Défiance massive envers Macron et l’élite dirigeante : 65 % des Français jugent Emmanuel Macron mauvais président, 56 % ont honte de lui, et 56 % exigent sa démission, dont 34 % immédiatement. 70 % estiment que le gouvernement n’agit pas pour le peuple, et 74 % qu’il divise le pays. Les médias mainstream (TF1, FranceTV, BFM) sont discrédités (72 % les trouvent peu objectifs), et 76 % dénoncent une corruption endémique.
Crise économique et inflation : 39 % des Français notent une dégradation de leur situation financière, avec l’alimentation (58 %) et l’énergie (33 %) comme principales victimes de l’inflation. Macron est tenu pour responsable par 65 %, loin devant l’UE (12 %) ou les États-Unis (5 %).
Souverainisme en hausse : 60 % plébiscitent une Europe des Nations contre 15 % pour une Europe fédérale. 42 % voient l’UE comme un fardeau, et 39 % jugent l’OTAN trop coûteuse. 92 % veulent des négociations de paix en Ukraine, et 64 % soutiennent l’initiative de Trump pour des pourparlers USA-Russie. 42 % souhaitent réduire ou stopper l’aide militaire à l’Ukraine.

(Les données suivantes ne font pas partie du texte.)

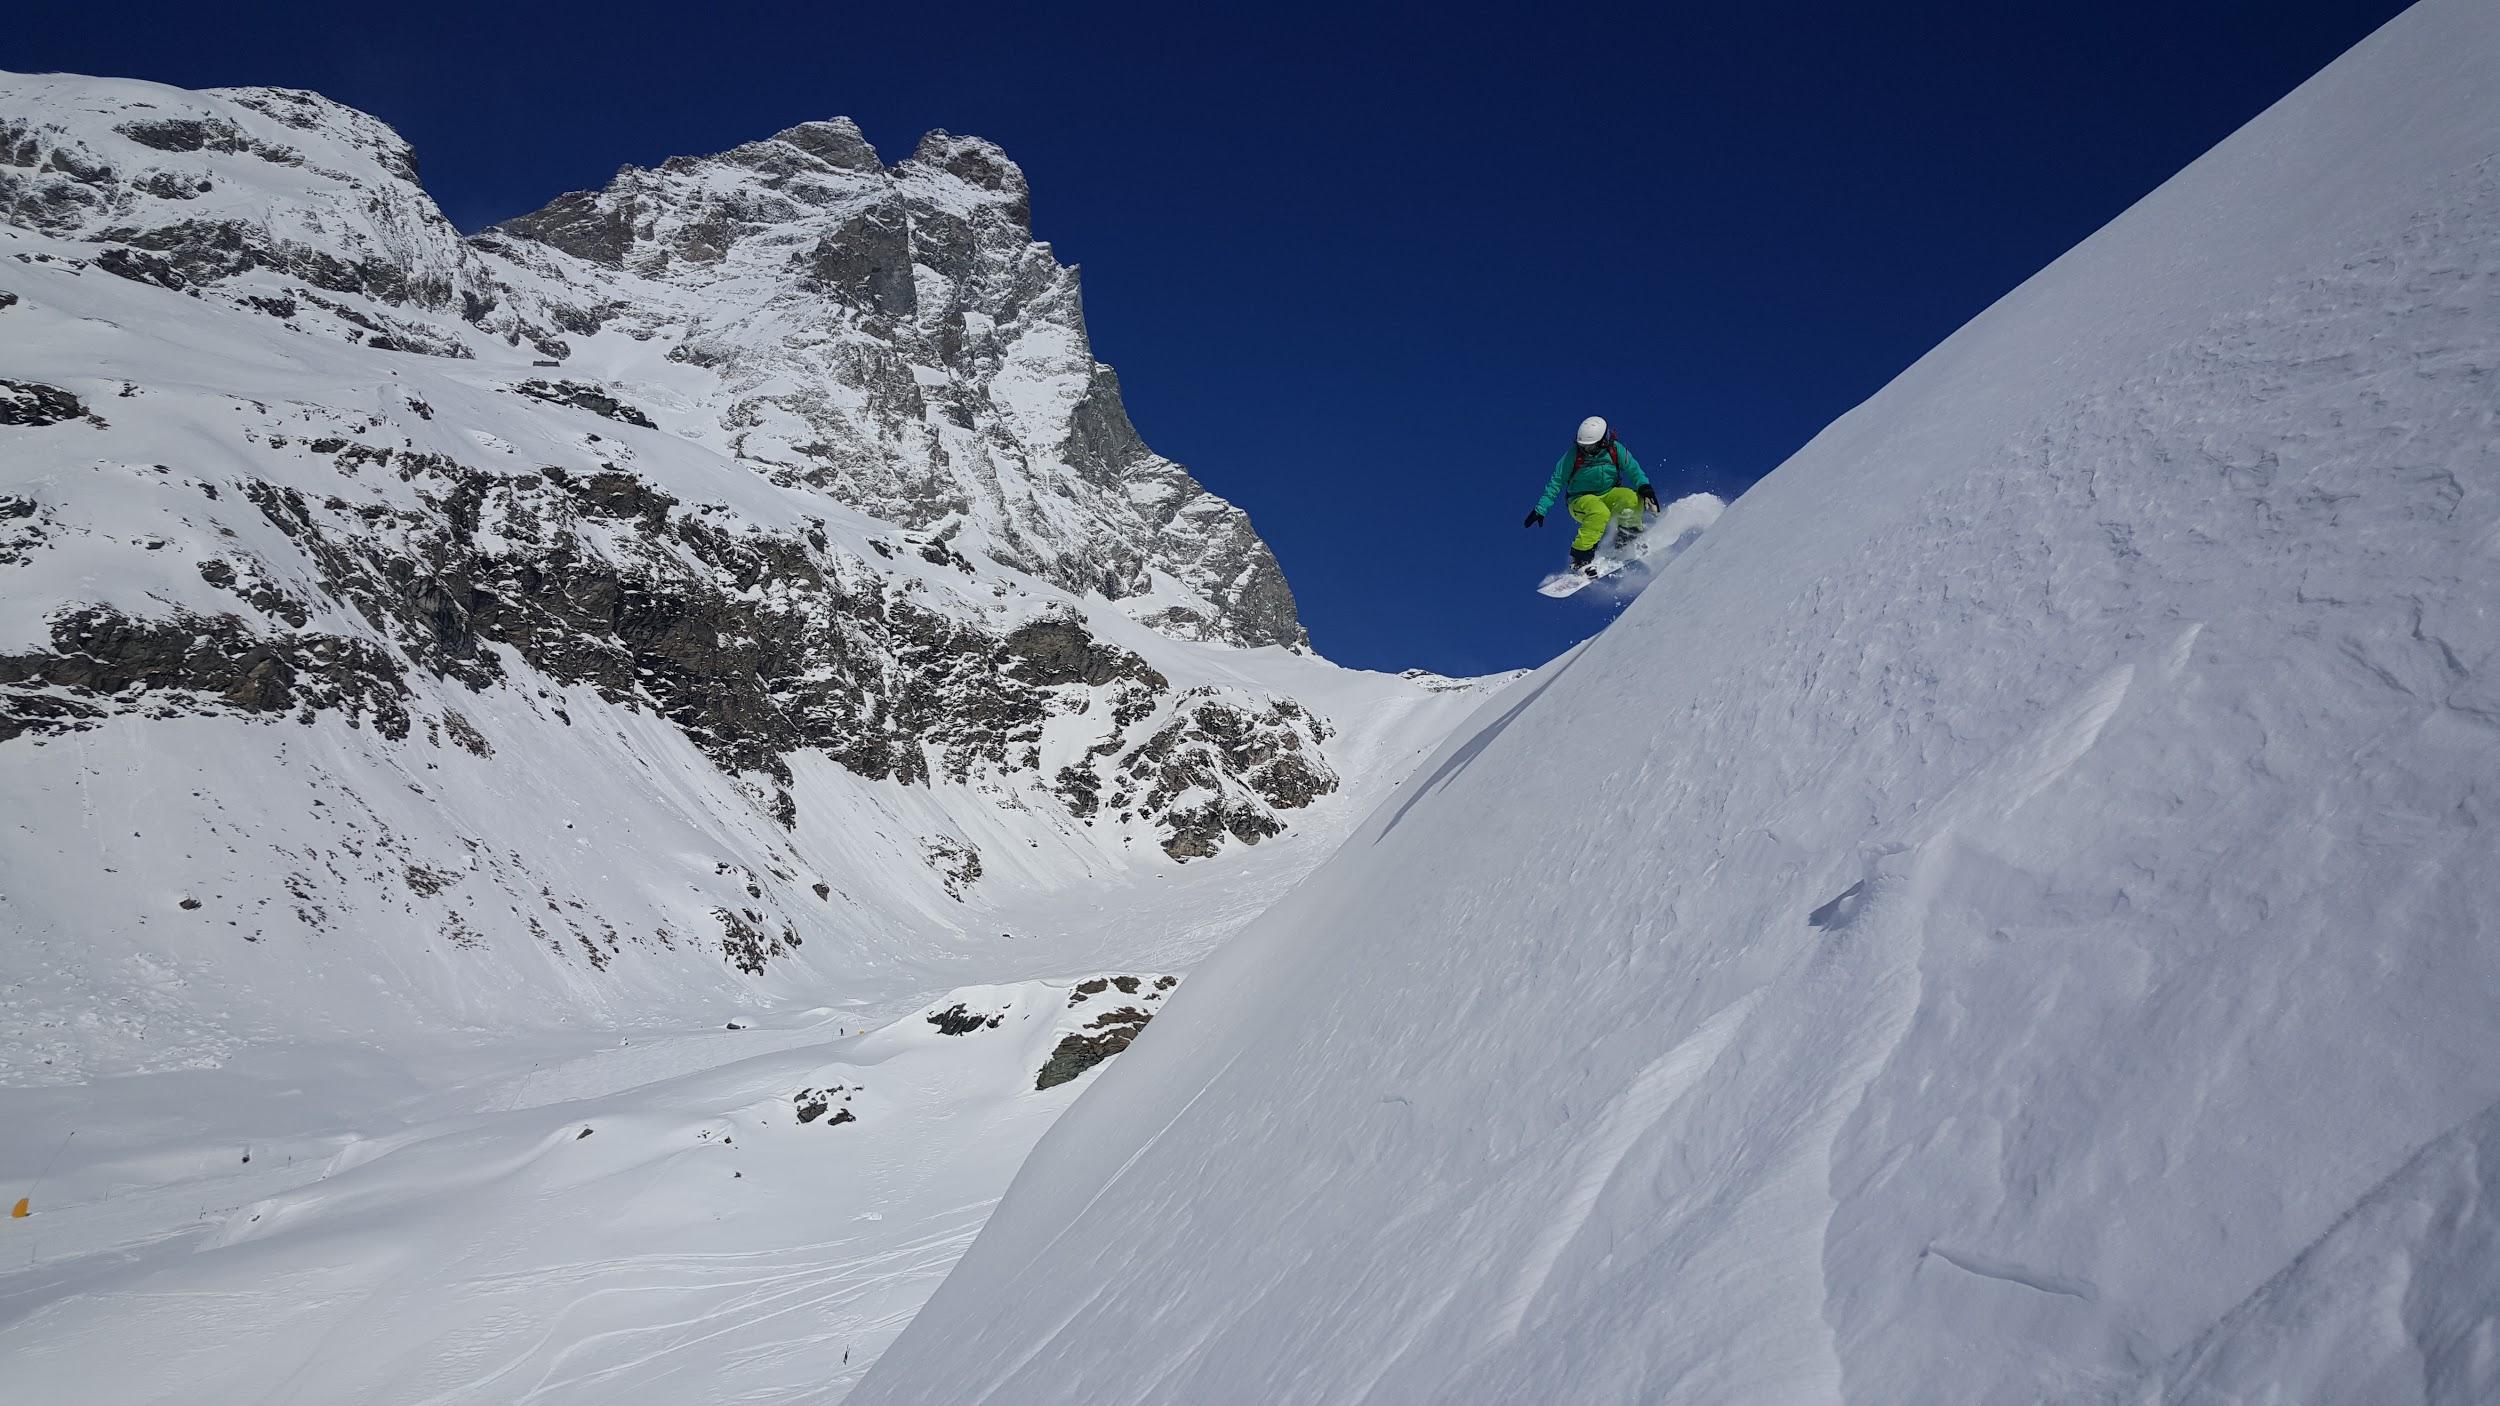 67b3a4ebece Top Beginner Snowboard Tricks to Try on your Chamonix Winter Break ...

Méfiance sanitaire : Si 69 % restent favorables à la vaccination en général, 45 % rejettent le vaccin Covid-19, 56 % déplorent ses effets secondaires, et 73 % son inefficacité. 52 % ont perdu confiance en la vaccination à cause des « mensonges » du gouvernement. 46 % veulent écouter des scientifiques comme Raoult ou Perronne. Sur l’euthanasie, 81 % sont favorables, mais 51 % craignent des dérives, et 58 % refusent que les médecins deviennent des « exécutants de la mort ».
Élections : 60% soutiendraient des forces nationalistes. 65 % estiment qu’aucune figure politique n’incarne un avenir positif.
Exigences pour Macron : Les Français demandent des comptes sur l’Ukraine (référendum : 21 %), sa démission (18 %), la mutualisation de l’arme nucléaire (15 %, 60 % contre), et la transparence sur les vaccins Covid-19 (65-68 % jugent cela crucial).
Verdict : Une France en colère, désabusée par Macron, l’UE et l’OTAN, plébiscite le souverainisme et réclame transparence et démocratie directe face à une élite perçue comme corrompue et déconnectée.